ResNet50V2 is another pretrained model created for imagenet database classification that is designed by Microsoft [21]. There are fifty layers. Its success percentage on the dataset of sign language remained at 89%. EfficientNetB7, is also a pretrained model built by Google [22], which can be classified into eight different architectures. It has evolved consistently from B0 to B7. In these cases, the EfficientNetB7 architecture enables more effective training. The proper classification success percentage for the dataset of sign language was determined to be 90%. InceptionV3 is a model developed by Google with 50 deep layers [23]. It has the ability to classify nearly 1,000 objects using ImageNet weights. The first input size of this network is 299 \(\times \) 299 pixels. When we pre-train our sign language dataset with the InceptionV3 model, the obtained accuracy value is 97%. MobileNetV2 is a kind of convolutional neural network developed by Google for mobile display applications [24]. It is a model that uses a limited number of resources. It offers precise validation for tiny datasets. However, it has become clear in our experience that it is not suitable for a sign language dataset. The obtained accuracy value could not exceed 21%.

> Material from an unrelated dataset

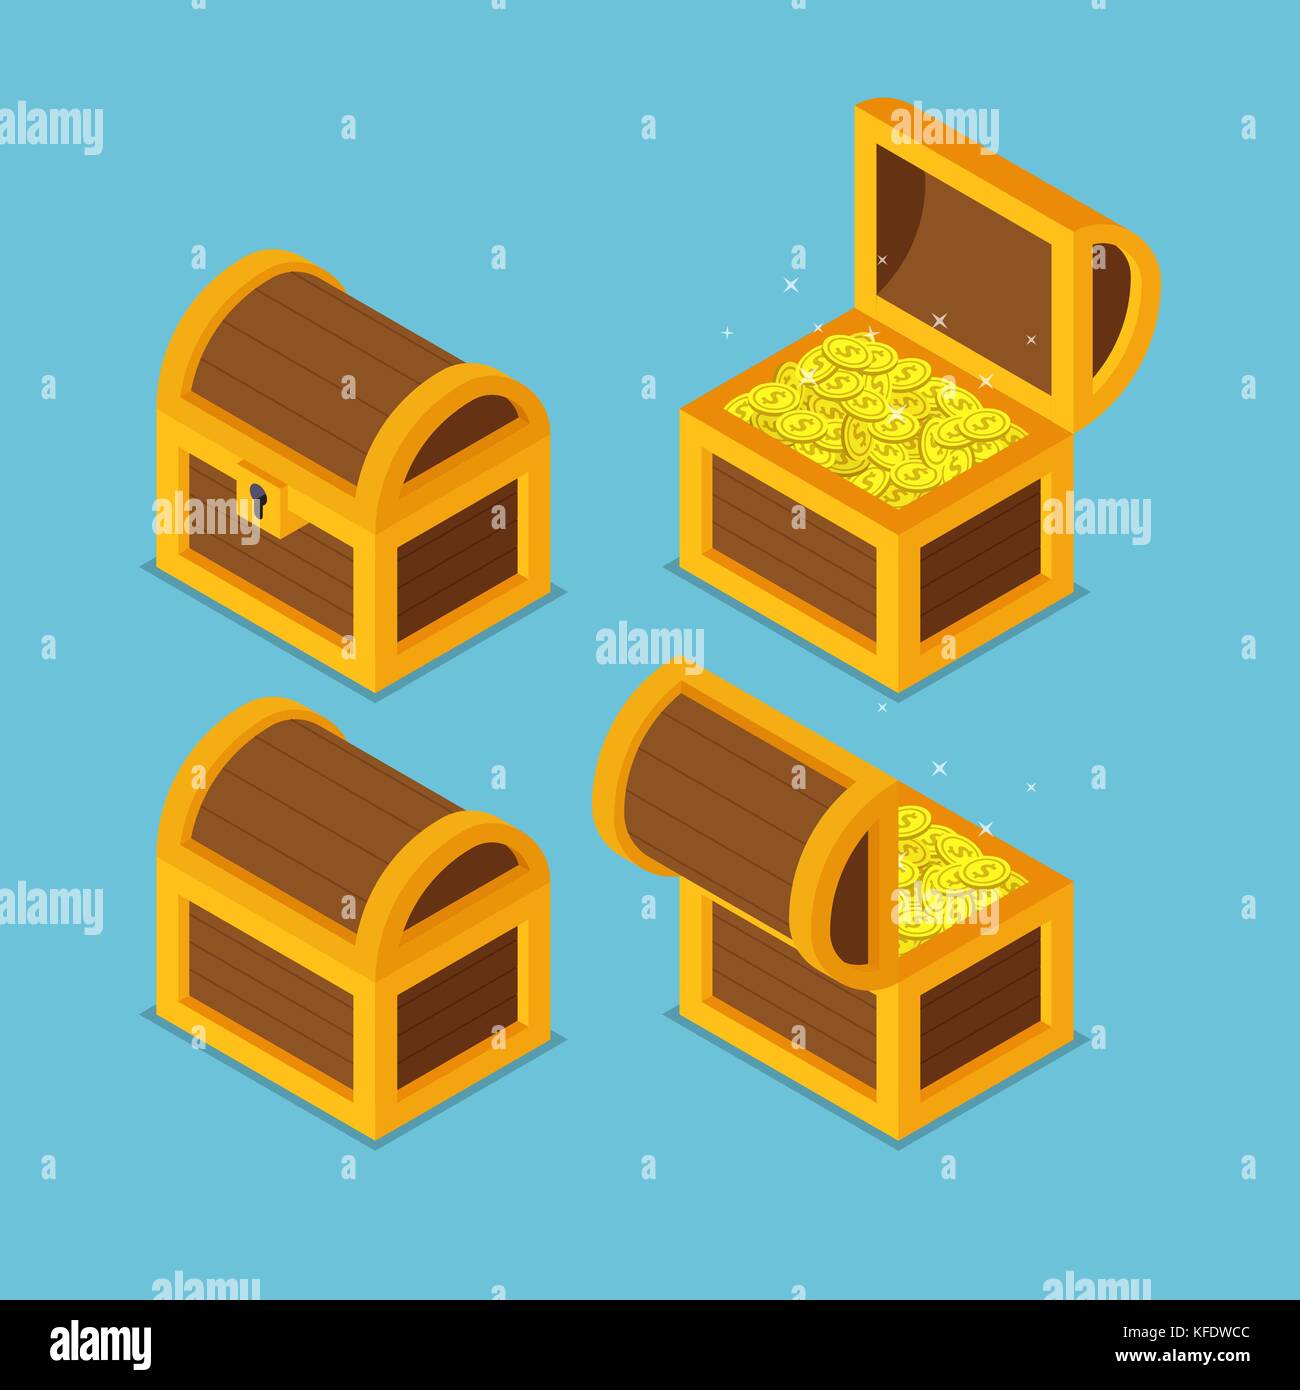 Flat 3d isometric open and closed wooden treasure chests. Stock Vector

We adjusted models for our problem by adding a new fully connected layer for each of the 10 classes in our dataset. Backpropagation was then used to fine-tune the original CNN filter weights acquired from natural images such that they more accurately mirrored the modalities in the sign language dataset. It was decided that the VGG16 had the best performance out of all the models. The training and validation error for the 10 epochs of fine-tuned and base models are depicted in Fig. 5. The training error rates for both CNNs follow a consistent trend of a steady decline followed by a plateau. The similarity between the training and validation curves indicates that the proposed fine-tuned model did not overfit the training data.

Fig. 5.
figure 5

The accuracy and loss scores of a) base and b) fine-tuned VGG16 models

In Table 1, all results are presented in a comparable manner.

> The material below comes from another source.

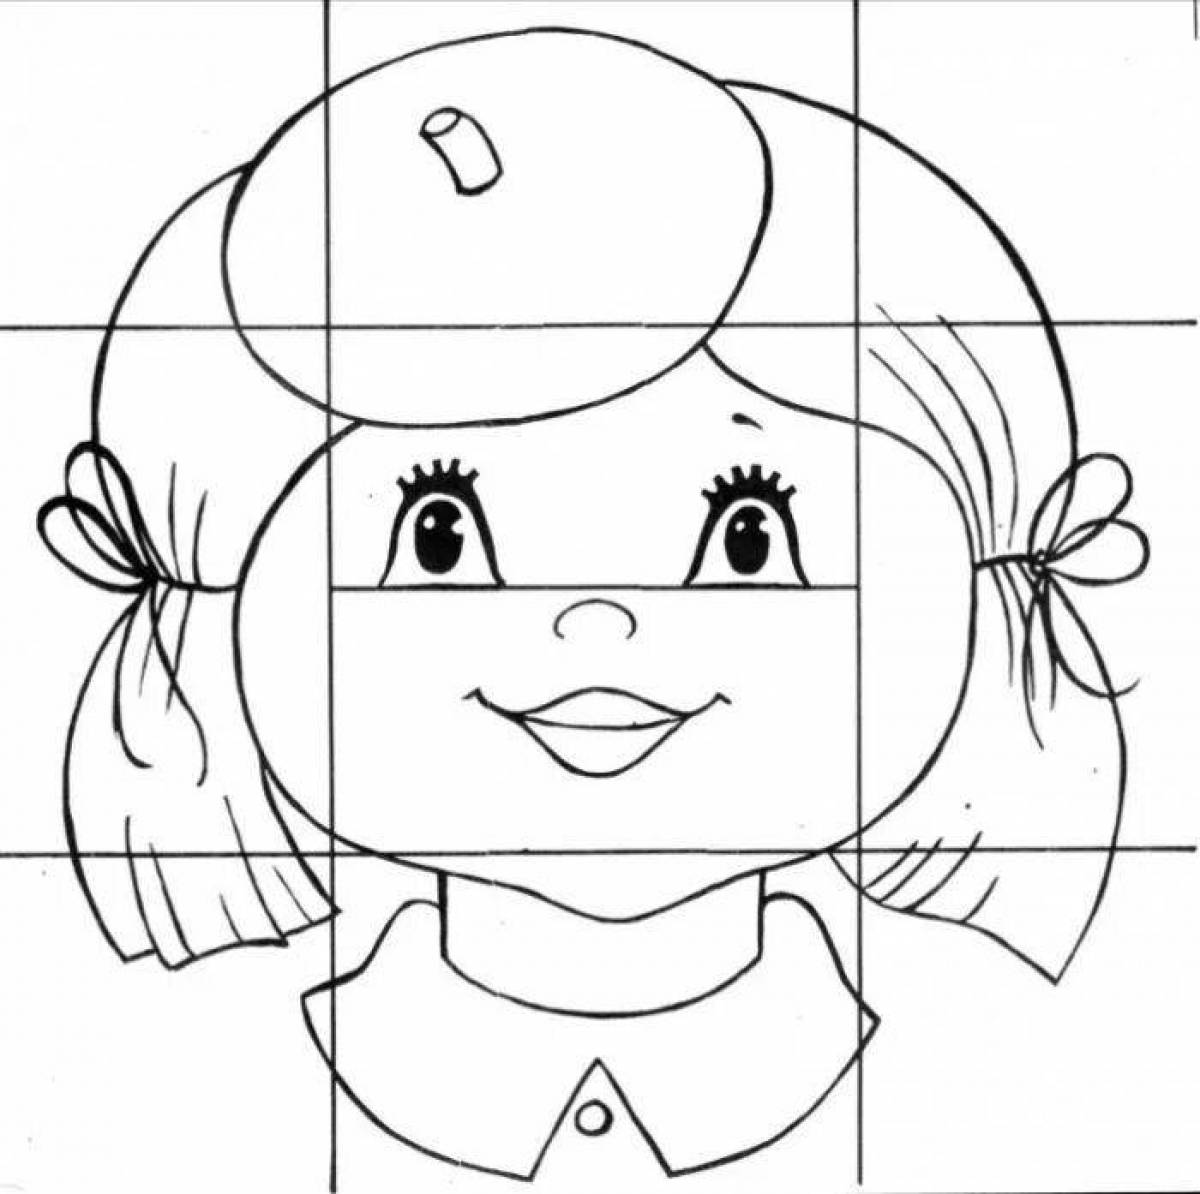 Human face for kids #5

Table 1. Classes-based classification performance of base and fine-tunes models.

5 Conclusions

Despite the fact that sign language was developed to aid hearing-impaired individuals in talking with others, it is obvious that they continue to struggle with communication in society. To cover all aspects of sign languages, powerful algorithms that reliably extract characteristic features in uncontrolled contexts were developed. In this research, we present a CNN-based architecture for the classification of sign language gestures. The CNN model has a two-dimensional structure. VGG16, ResNet50V2, EfficientNetB7, InceptionV3, and MobileNetV2 were also trained using a pre-trained model to improve performance and decrease training time. We have observed that transfer learning allows for the creation of more reliable systems. The suggested model outperforms prior state-of-the-art classifiers on average with a recognition rate of 98%. The intriguing results of this study can be used as a starting point for further research into how to recognize complex hand and face movements.